Final answer:
The zeros of each quadratic equation are found using the quadratic formula or by factoring, leading to the zeros: A. ±2, B. two real solutions, C. ±3/2, and D. -2, -3.
Step-by-step explanation:
The zeros of a quadratic equation ax²+bx+c = 0 can be found using the quadratic formula, which is x = (-b ± √(b²-4ac))/(2a). For the given equations:
- For A. x² - 4 = 0, the zeros are x = ±2 because x² = 4.
- For B. 2x² + 3x + 1 = 0, we apply the quadratic formula to find the zeros: x = (-3 ± √(3²-4*2*1))/(2*2), which simplifies to two real solutions.

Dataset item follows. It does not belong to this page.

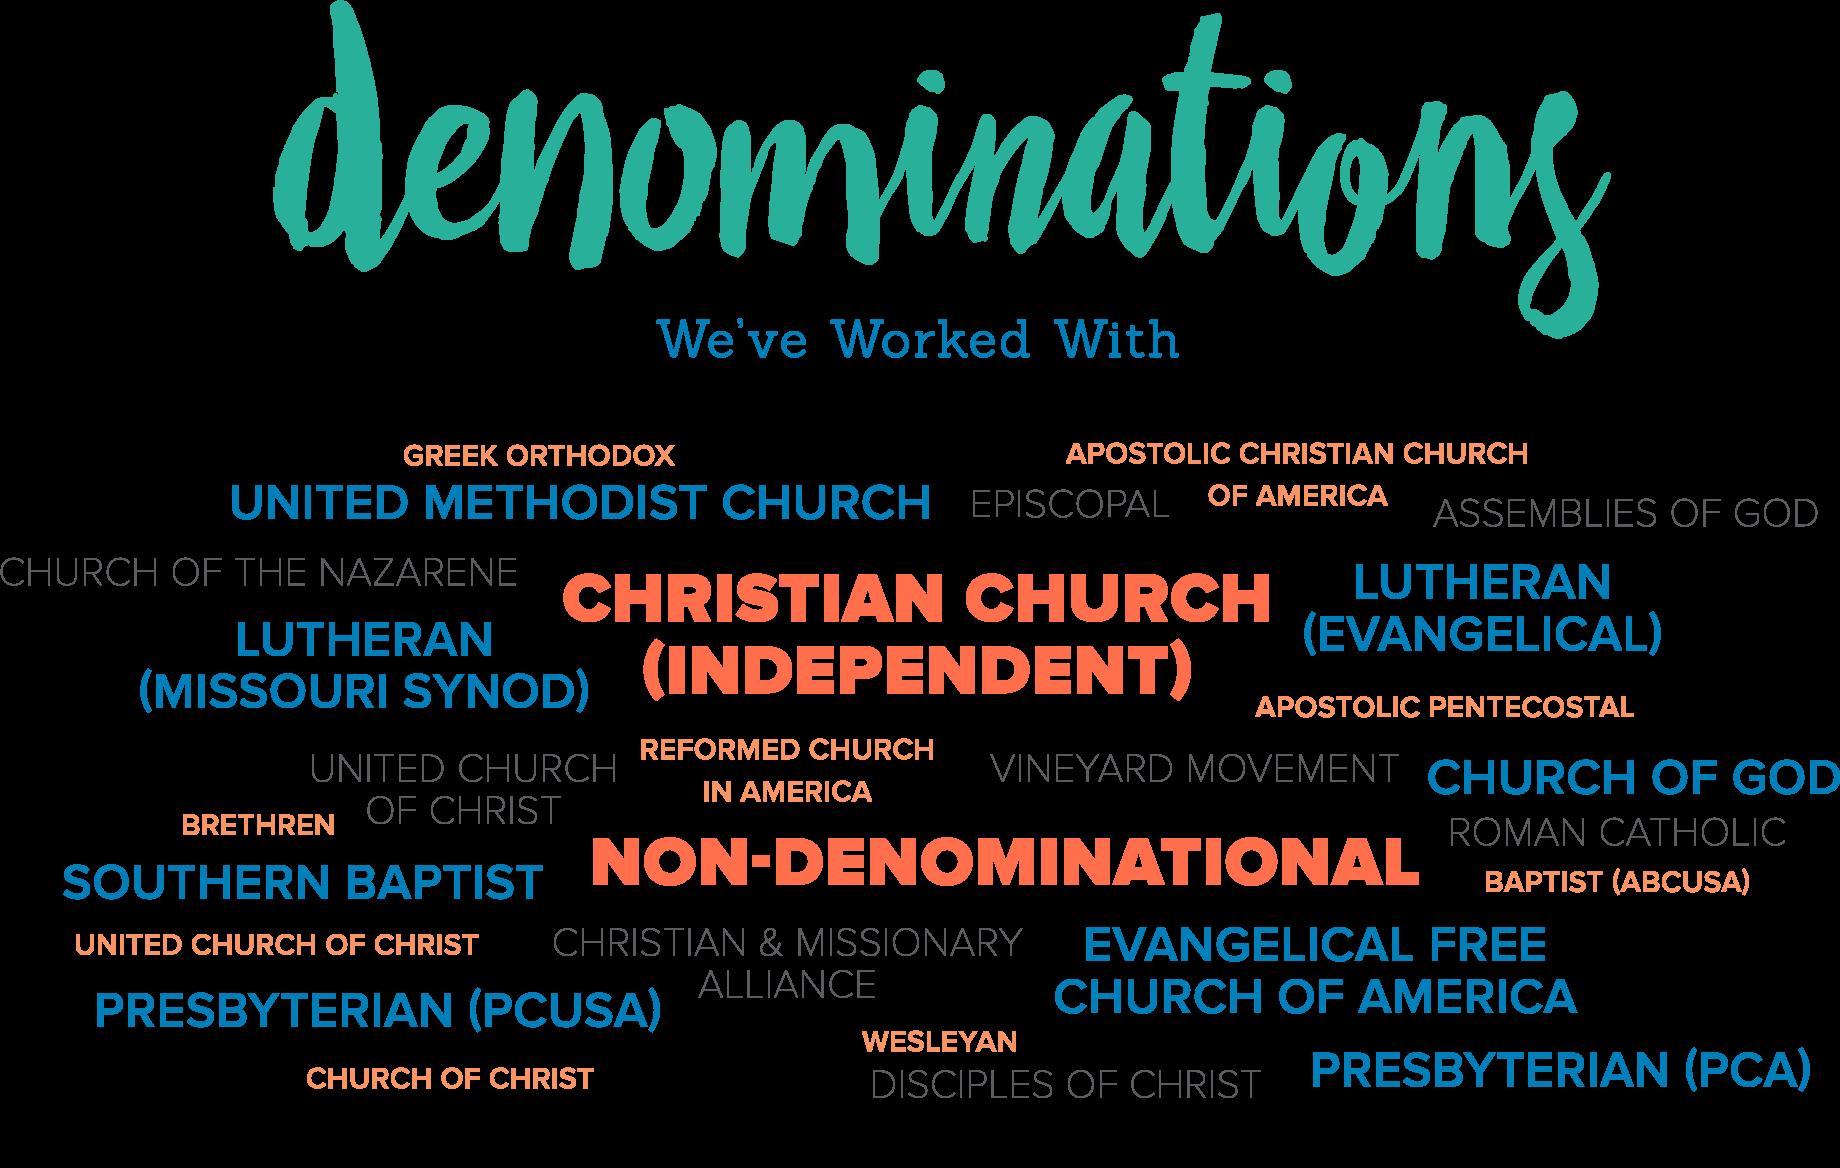 denominations-1

- For C. 4x² - 9 = 0, this is a difference of squares which can be written as (2x + 3)(2x - 3) = 0, giving zeros at x = ±3/2.
- For D. x² + 5x + 6 = 0, this can be factored to (x + 2)(x + 3) = 0, yielding zeros at x = -2 and x = -3.
For the additional equation x² + 1.2 x 10⁻²x - 6.0 × 10⁻³ = 0, using the quadratic formula will provide its zeros. The same method applies for x² +0.0211x -0.0211 = 0, rearranging it into standard quadratic form and then applying the quadratic formula.